Supplied material Block Start
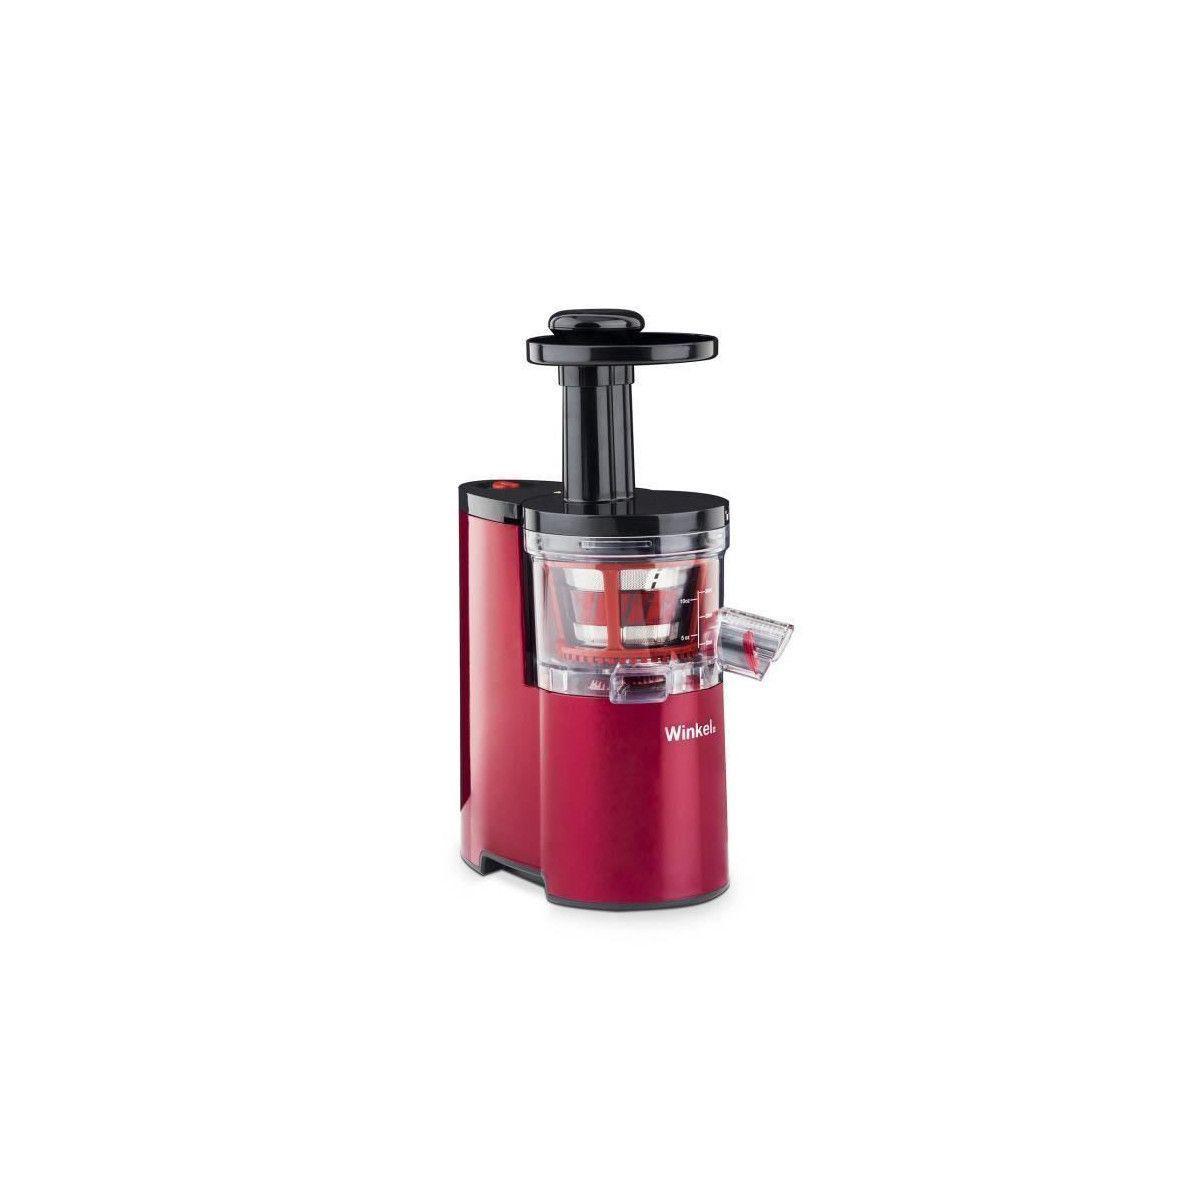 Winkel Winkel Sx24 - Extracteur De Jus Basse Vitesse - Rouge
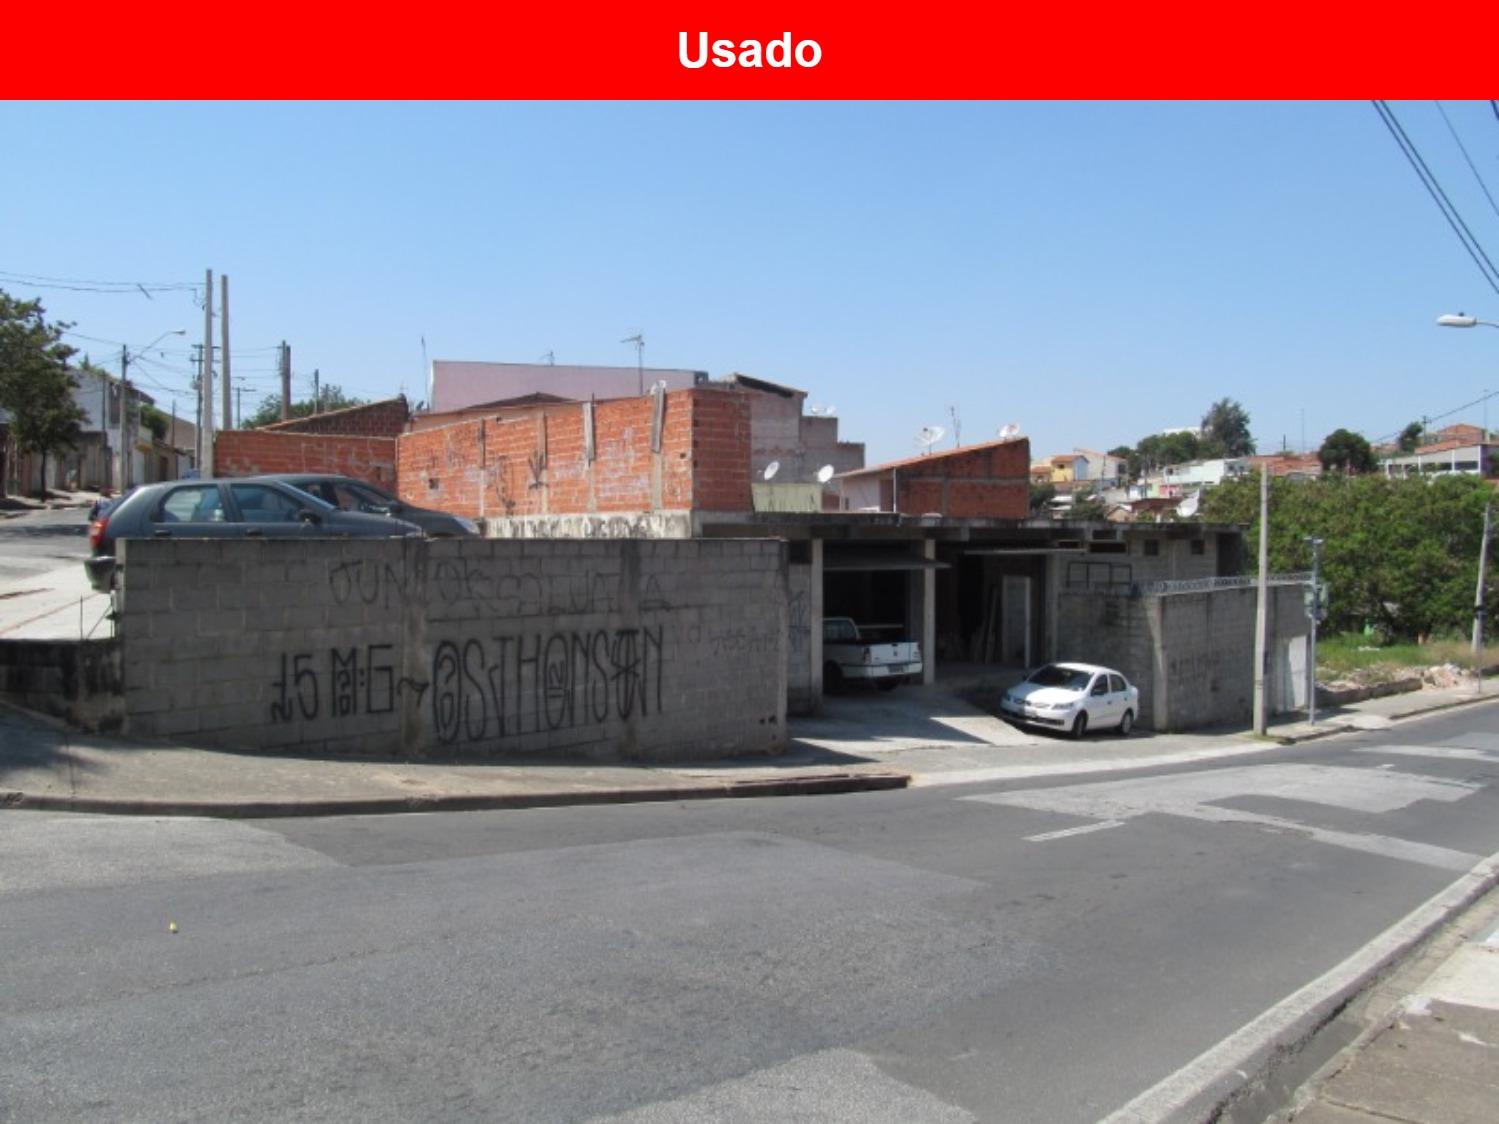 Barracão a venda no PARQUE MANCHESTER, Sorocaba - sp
Supplied material Block End
Supplied material Block Start
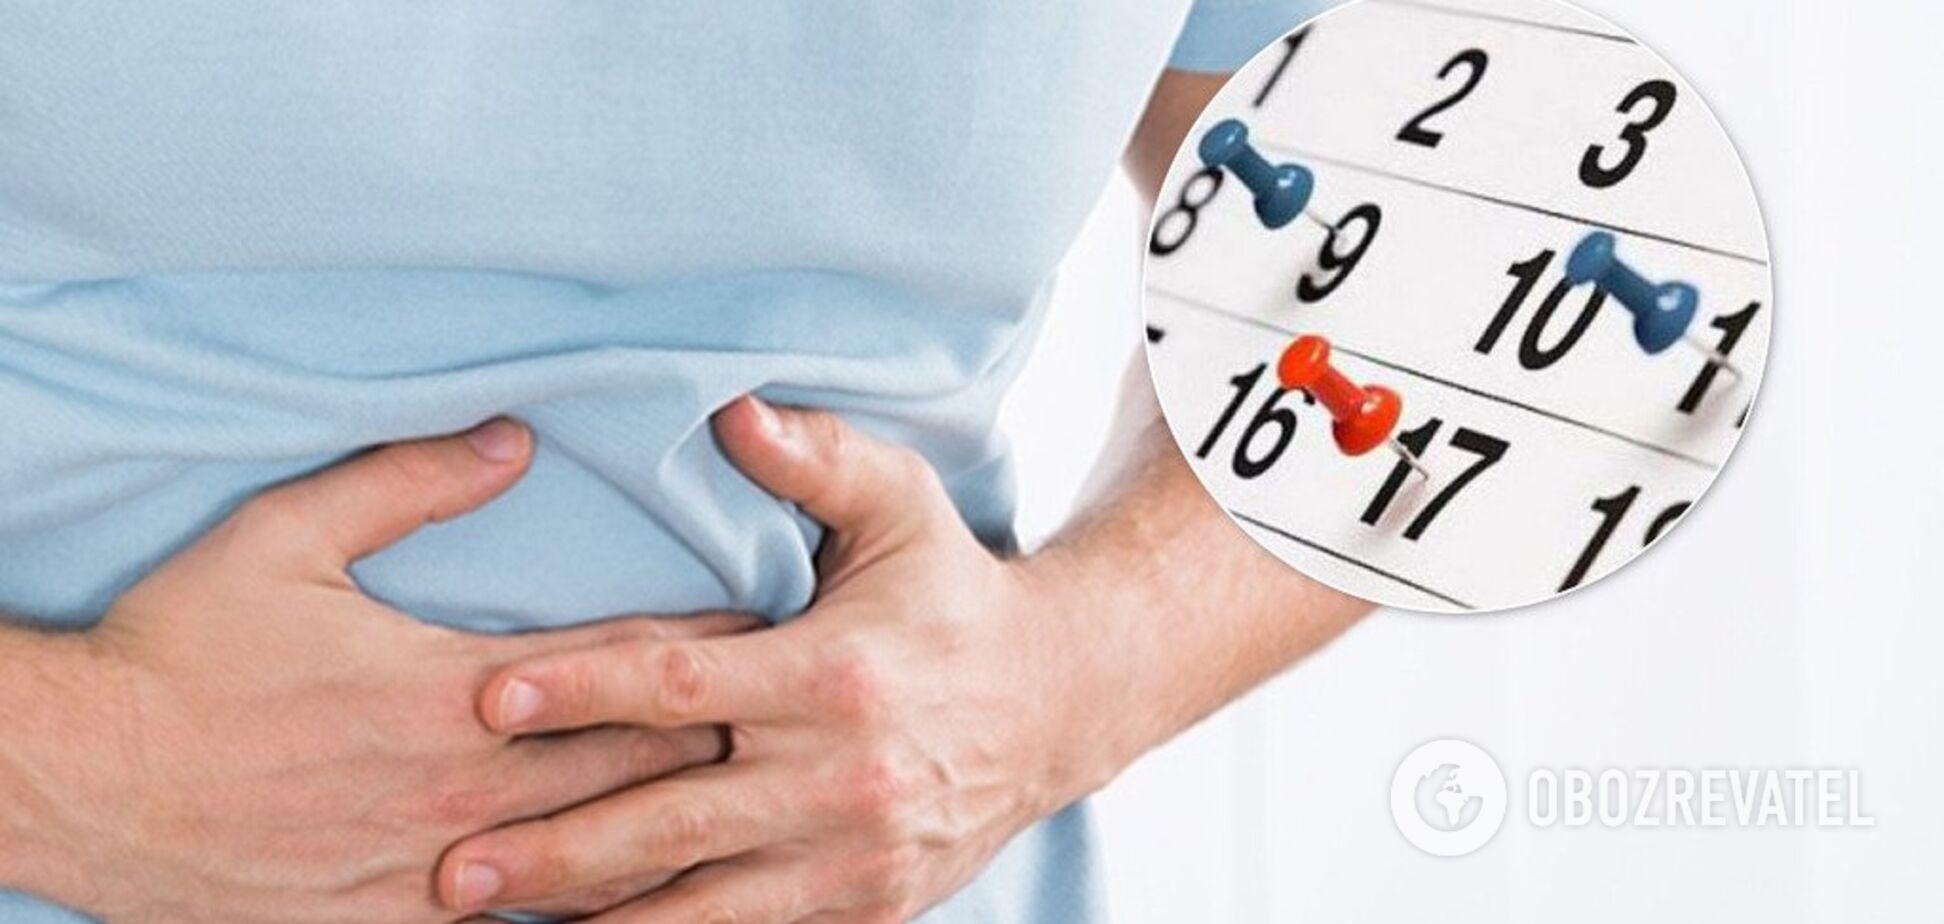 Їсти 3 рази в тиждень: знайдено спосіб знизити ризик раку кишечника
Supplied material Block End
Exercise aim
Print exactly the lines above that run from the one with "Winkel Winkel Sx24" to the one with "Barracão a venda", both included. No pictures.

Response below
 Winkel Winkel Sx24 - Extracteur De Jus Basse Vitesse - Rouge
 Barracão a venda no PARQUE MANCHESTER, Sorocaba - sp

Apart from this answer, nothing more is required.